--- COLLECTED DATA Enclosed Below ---
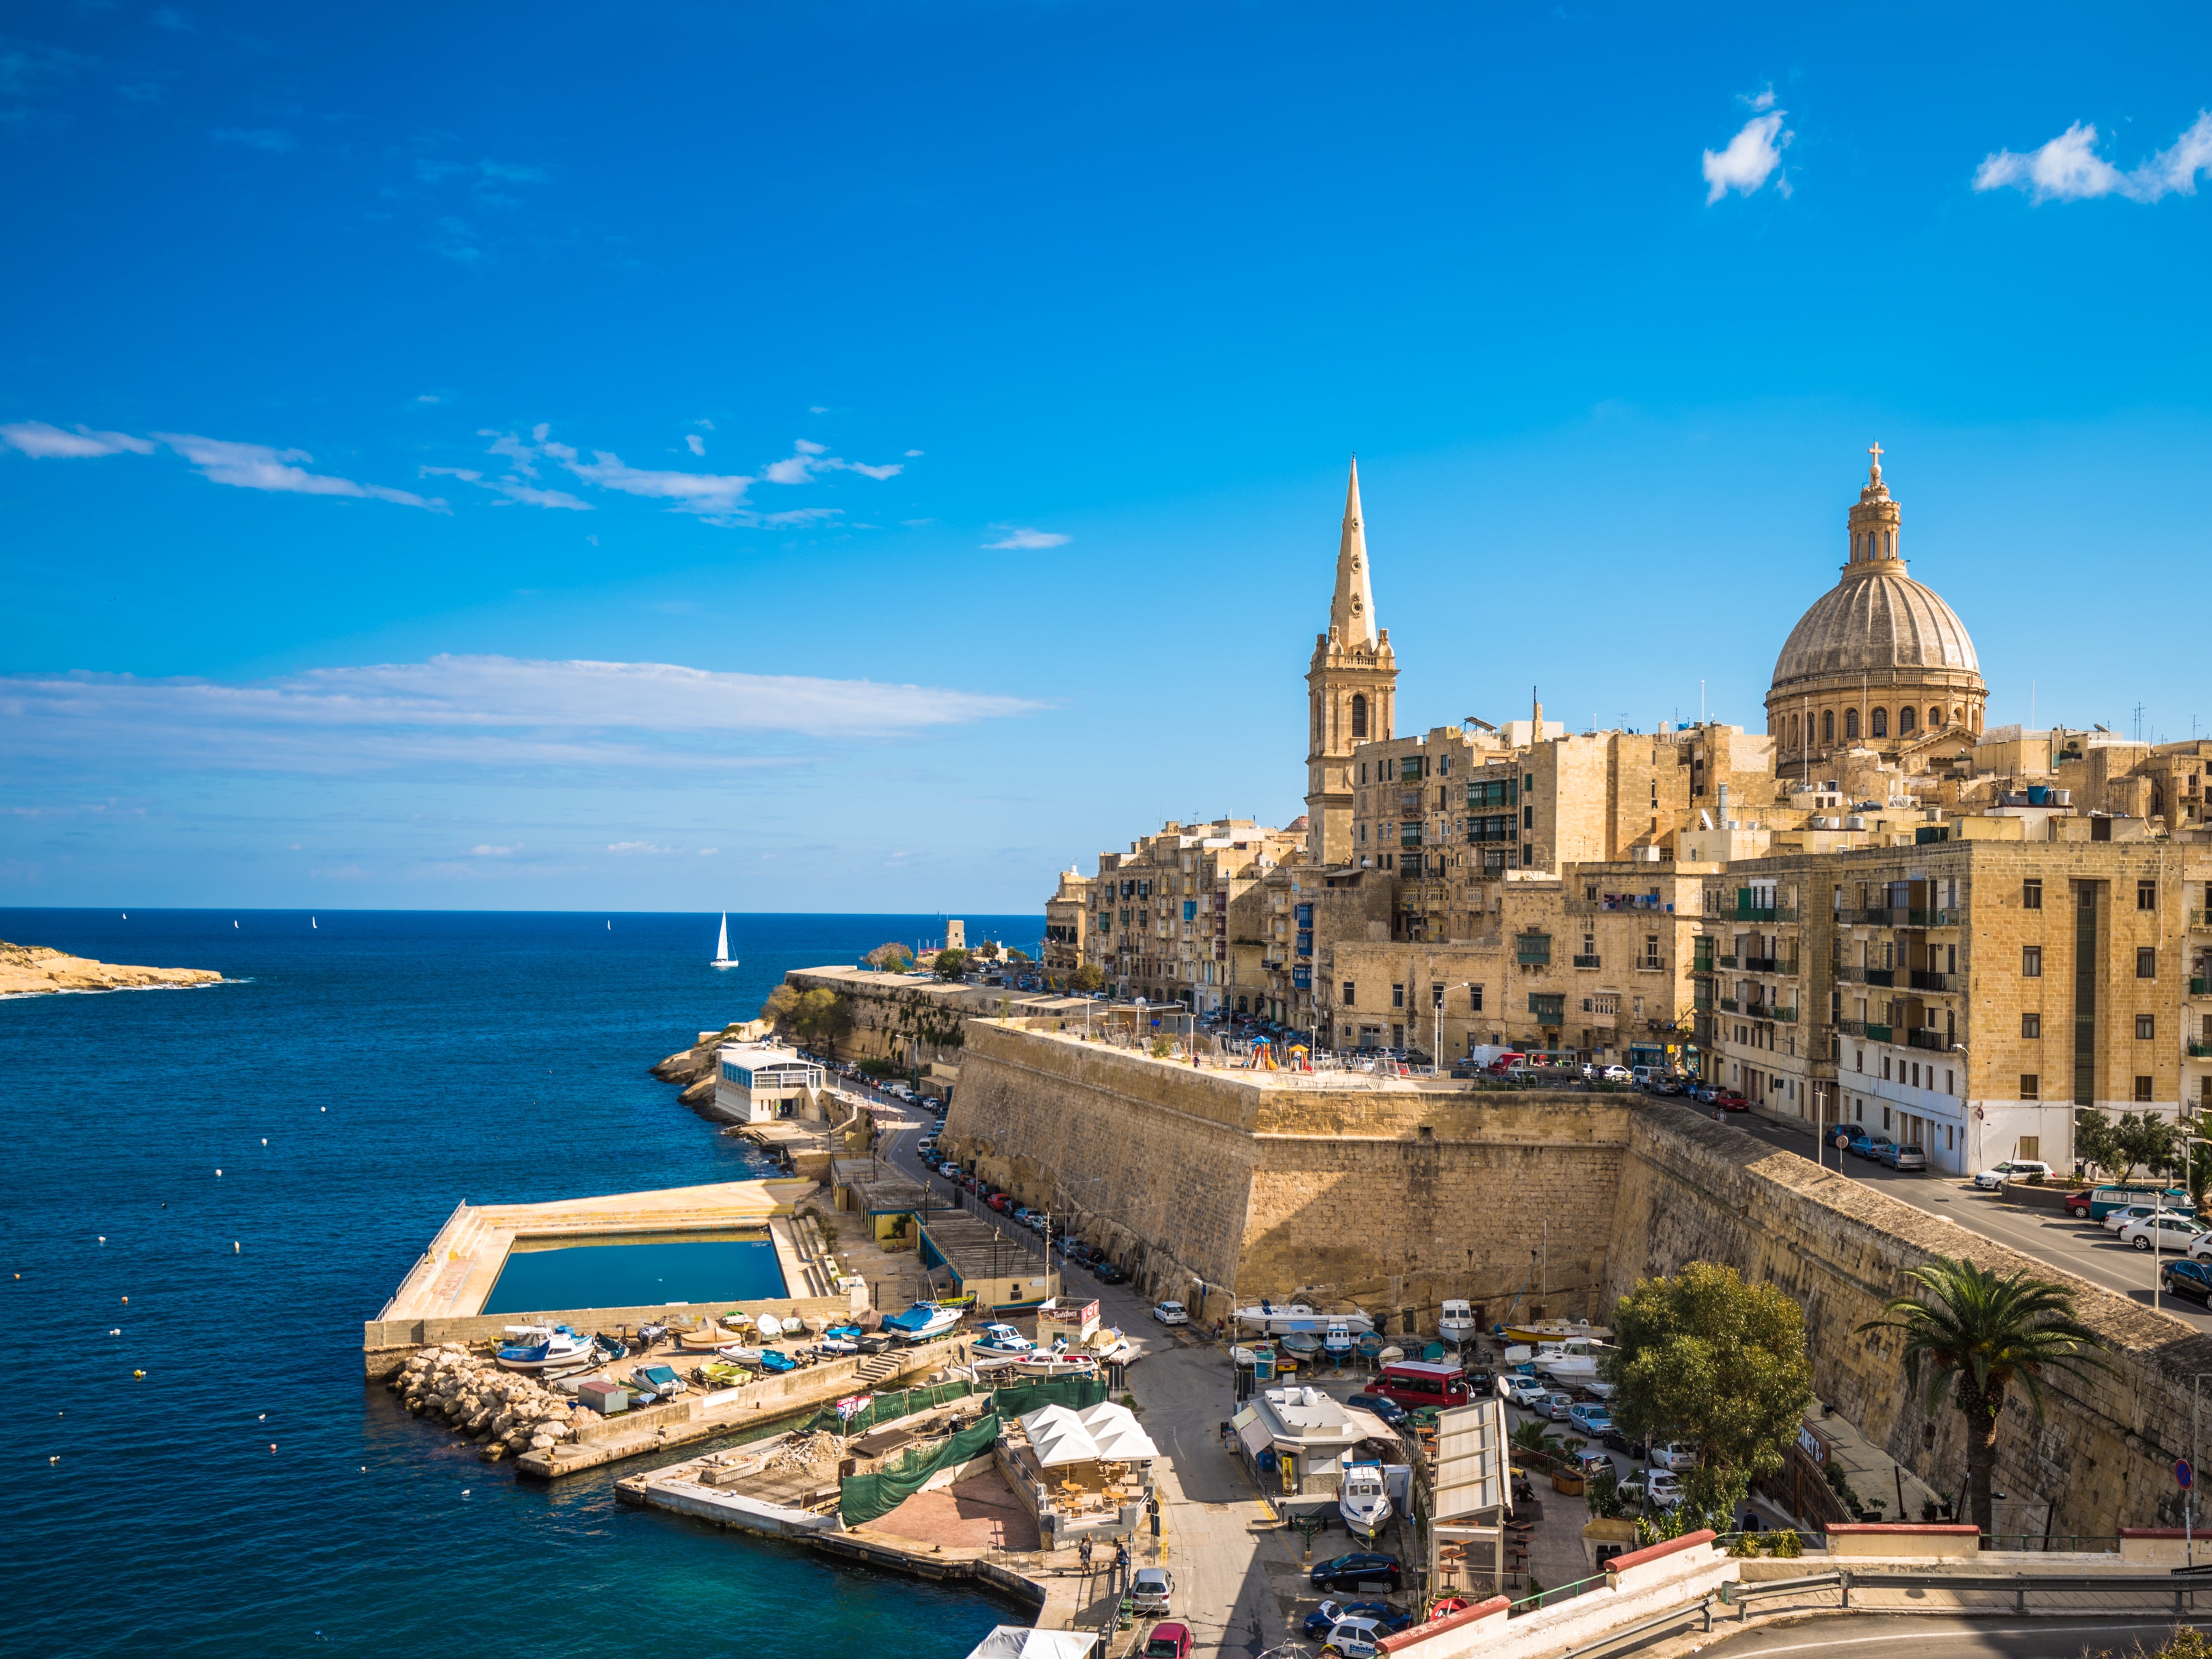 Valletta, the Maltese capital
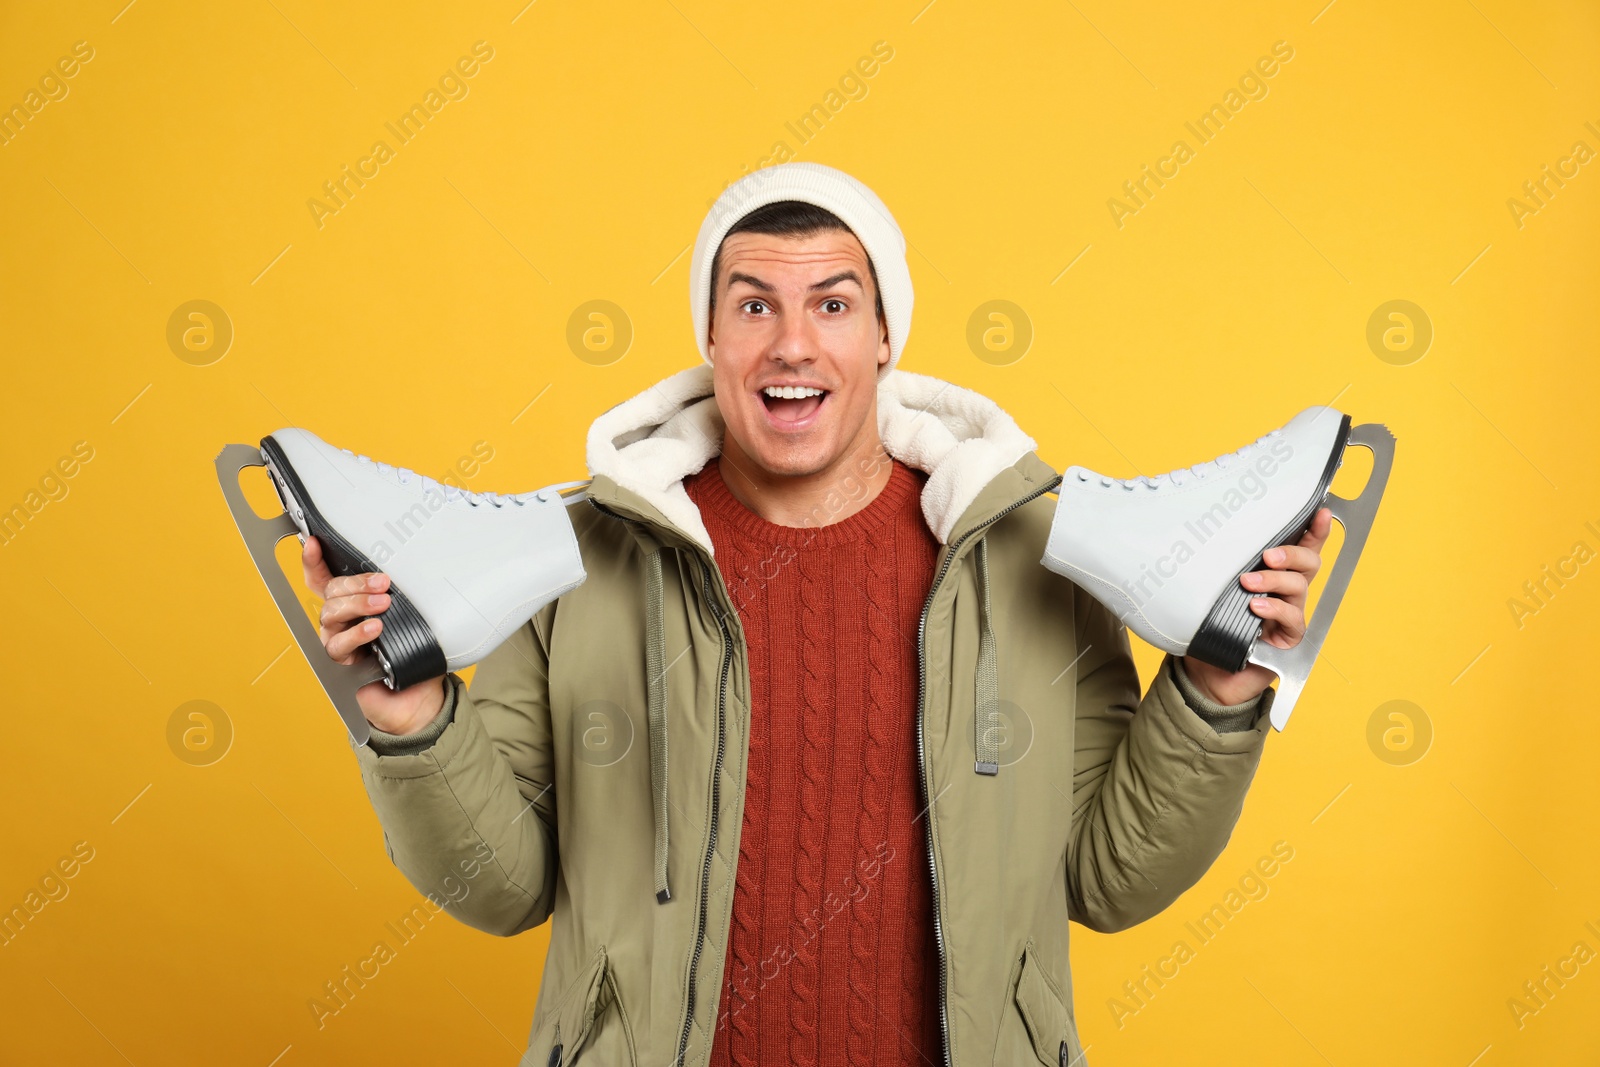 Photo of Emotional man with ice skates on yellow background
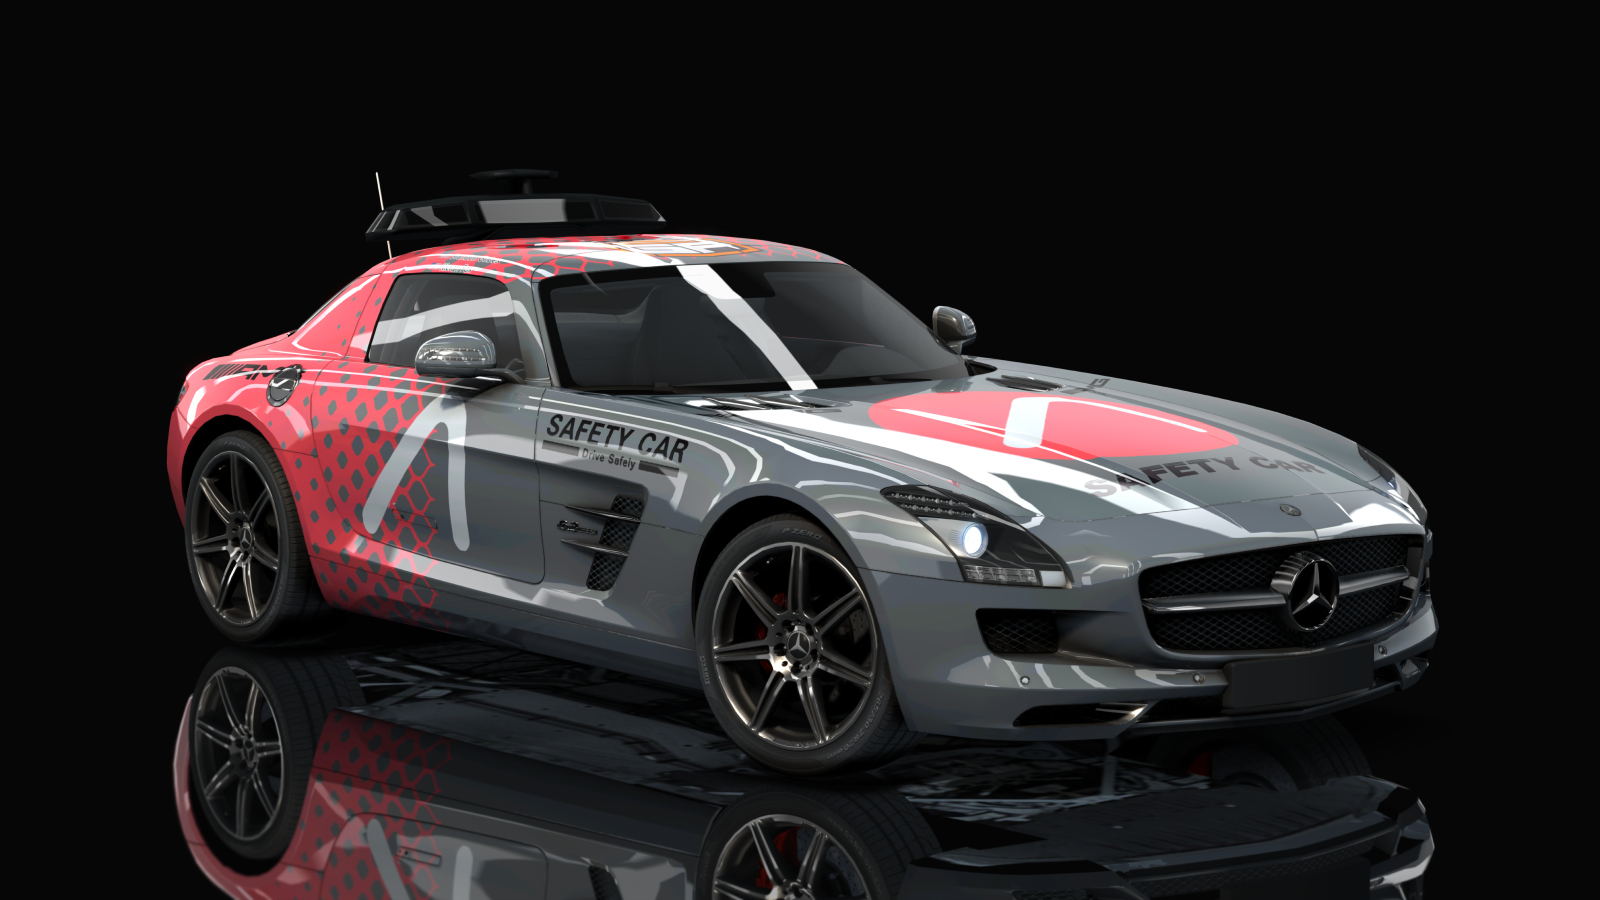 Mercedes SLS Safety Car Preview Image
--- End of Enclosed COLLECTED DATA ---
▶ _PROMPT_: Retype the lines above exactly, no pictures.

▶ _RESPONSE AREA_:
 Valletta, the Maltese capital
 Photo of Emotional man with ice skates on yellow background
 Mercedes SLS Safety Car Preview Image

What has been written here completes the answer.